📜 ⬆️ ⬇️

HBase, loading large data arrays through bulk load

Hello colleagues.
I want to share my experience using HBase, namely, to tell about bulk loading . This is another method for loading data. It is fundamentally different from the usual approach (writing to the table through the client). It is believed that with the bulk load you can very quickly load huge data arrays. This is what I decided to understand.

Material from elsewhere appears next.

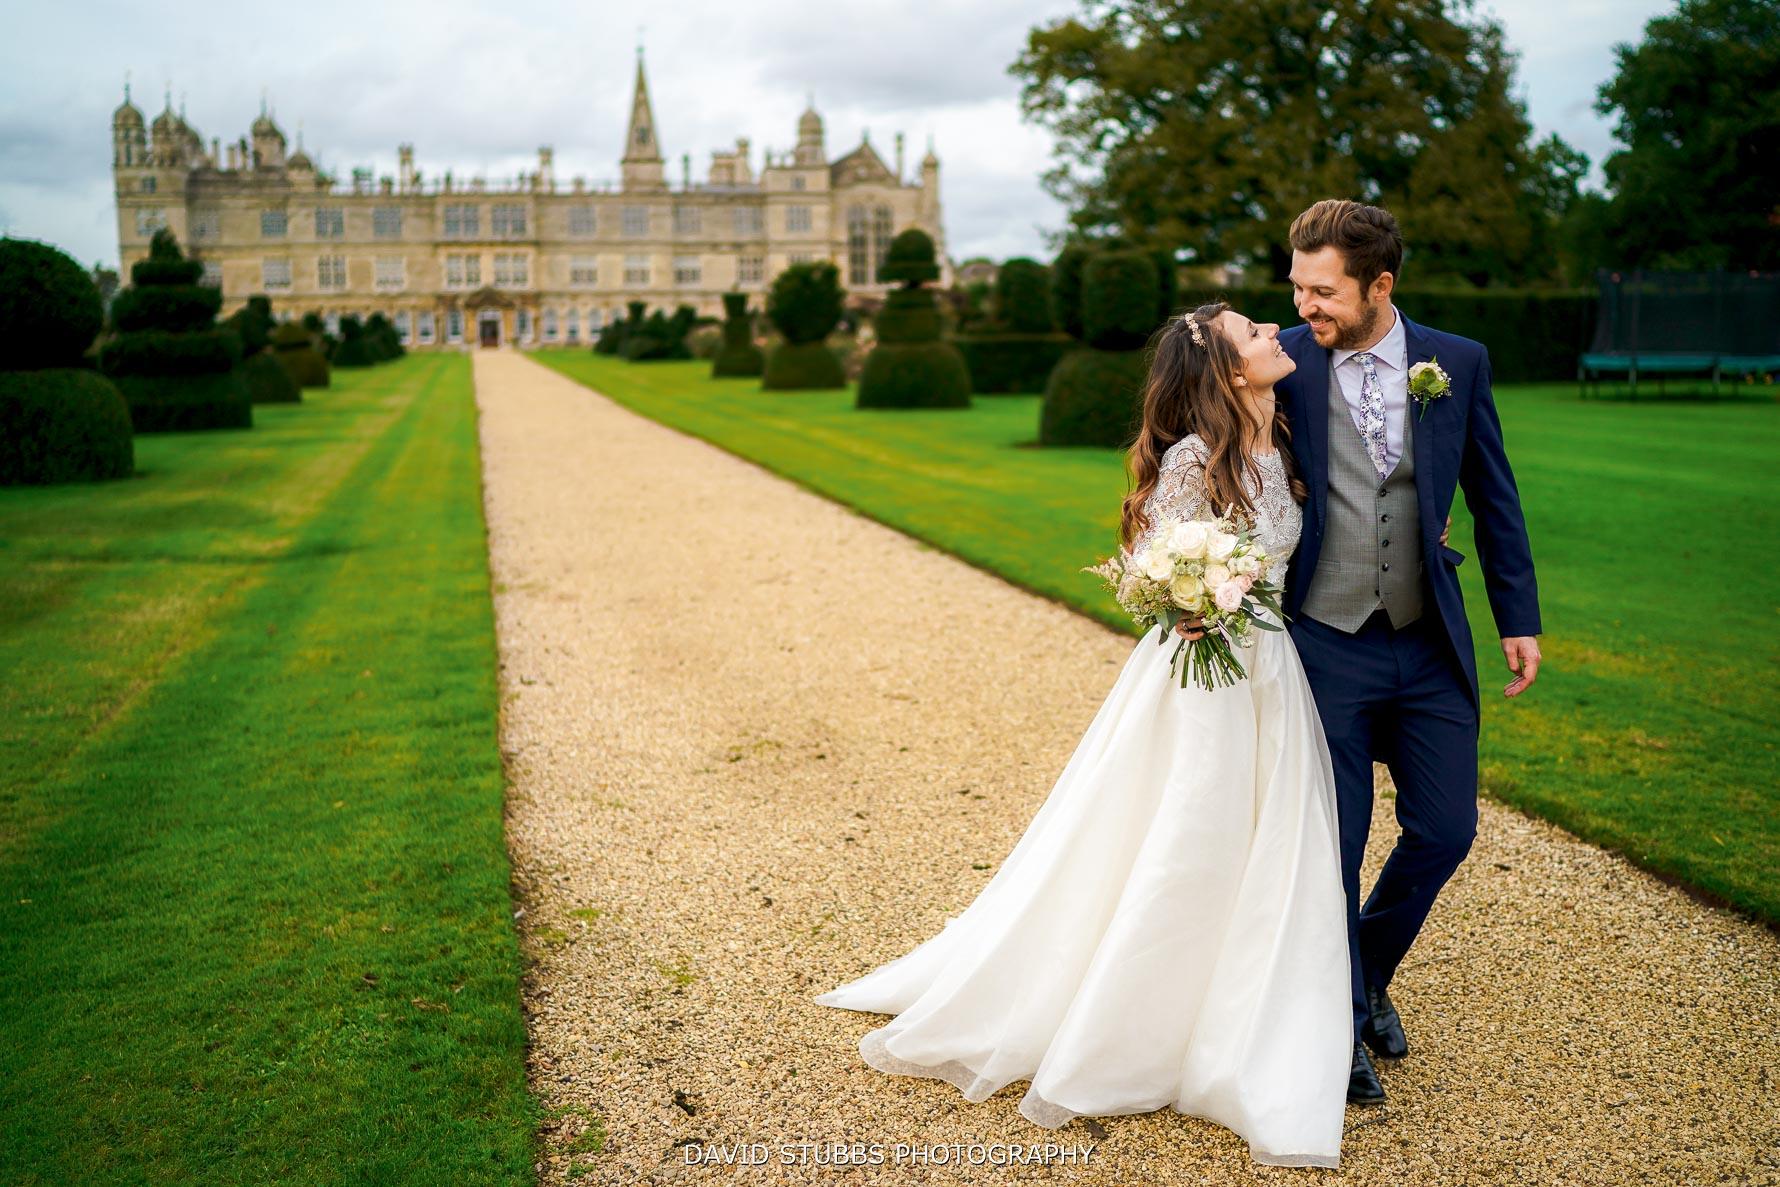 burghley house wedding photographer
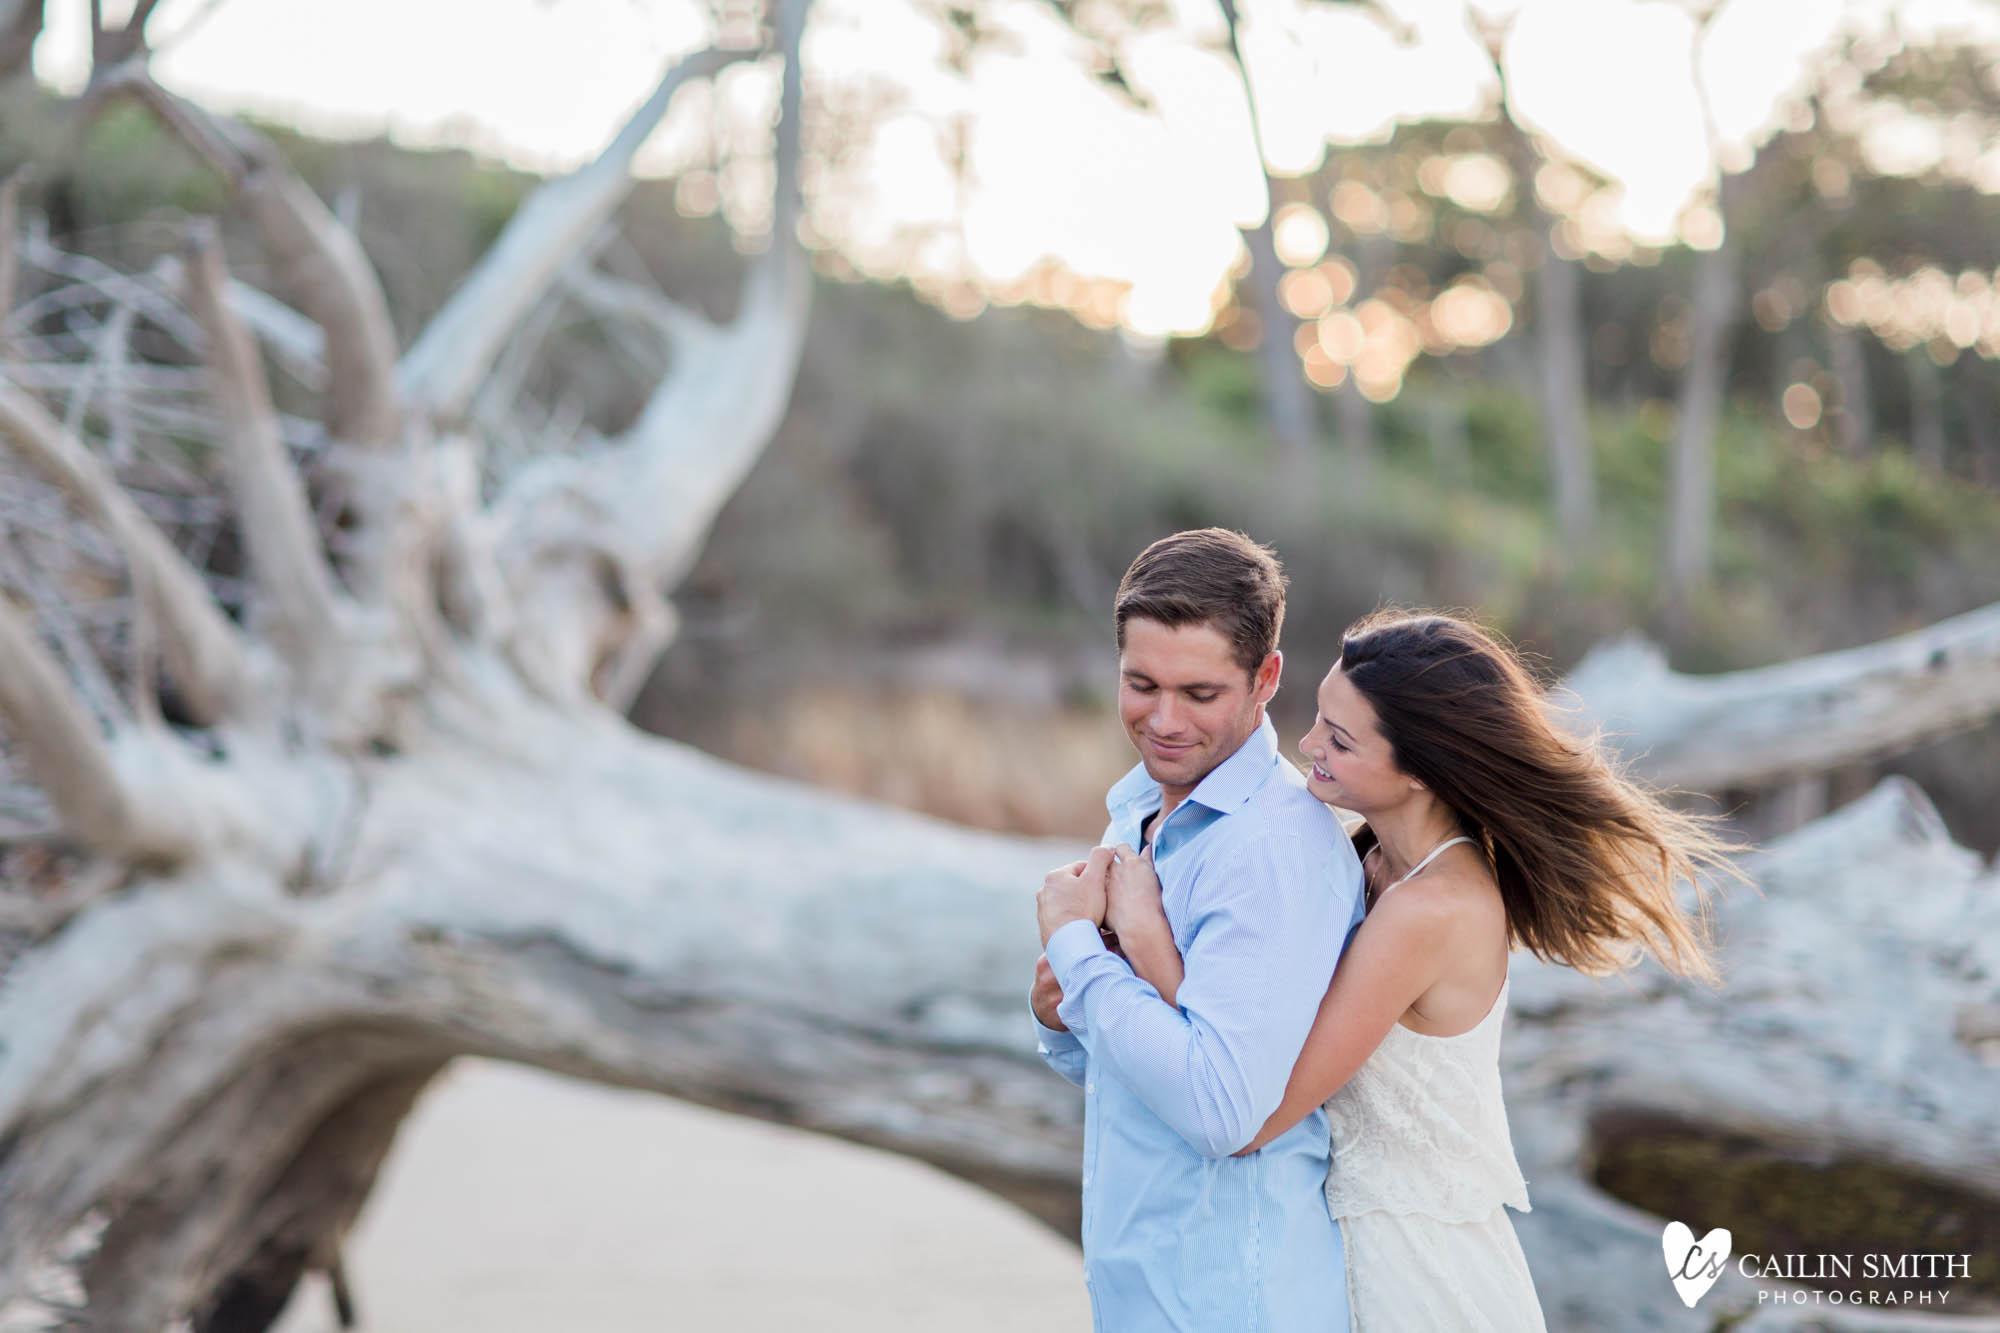 Megan_Tyson_Little_Talbot_Engagement_008.jpg

And so, first things first. Loading through bulk load occurs in three stages:




')
In this case, I needed to feel this technology and understand it in numbers: what is the speed, how it depends on the number and size of files. These numbers are too dependent on external conditions, but they help to understand the orders between normal loading and bulk load.

Initial data:


Cluster running Cloudera CDH4, HBase 0.94.6-cdh4.3.0.
Three virtual hosts (on the hypervisor), in the configuration CentOS / 4CPU / RAM 8GB / HDD 50GB
Test data was stored in CSV files of various sizes, with a total volume of 2GB, 3.5GB, 7.1GB and 14.2GB
First, about the results:

Bulk loading


Speed:


Size of one record (row): 0.5Kb
MapReduce Job Initialization Time: 70 sec
Downloading files to HDFS from the local file system:


Download via clients:


Loading was carried out from 2 hosts on 8 flows on each.
Clients were launched over the crown at the same time, the CPU load did not exceed 40%
The size of one record (row), as in the previous case, was equal to 0.5Kb.



What is the result?




I decided to implement this test in the wake of talking about bulk load as a method of ultrafast data loading. It should be said that the official documentation deals only with reducing the load on the network and the CPU. Anyway, I do not see a gain in speed. Tests show that bulk load is only one and a half times faster, but let's not forget that this is without taking into account the initialization of m / r Joba. In addition, the data must be delivered in HDFS, it will also take some time.
I think it’s worthwhile to treat bulk load simply as another way to load data, architecturally different (in some cases, very convenient).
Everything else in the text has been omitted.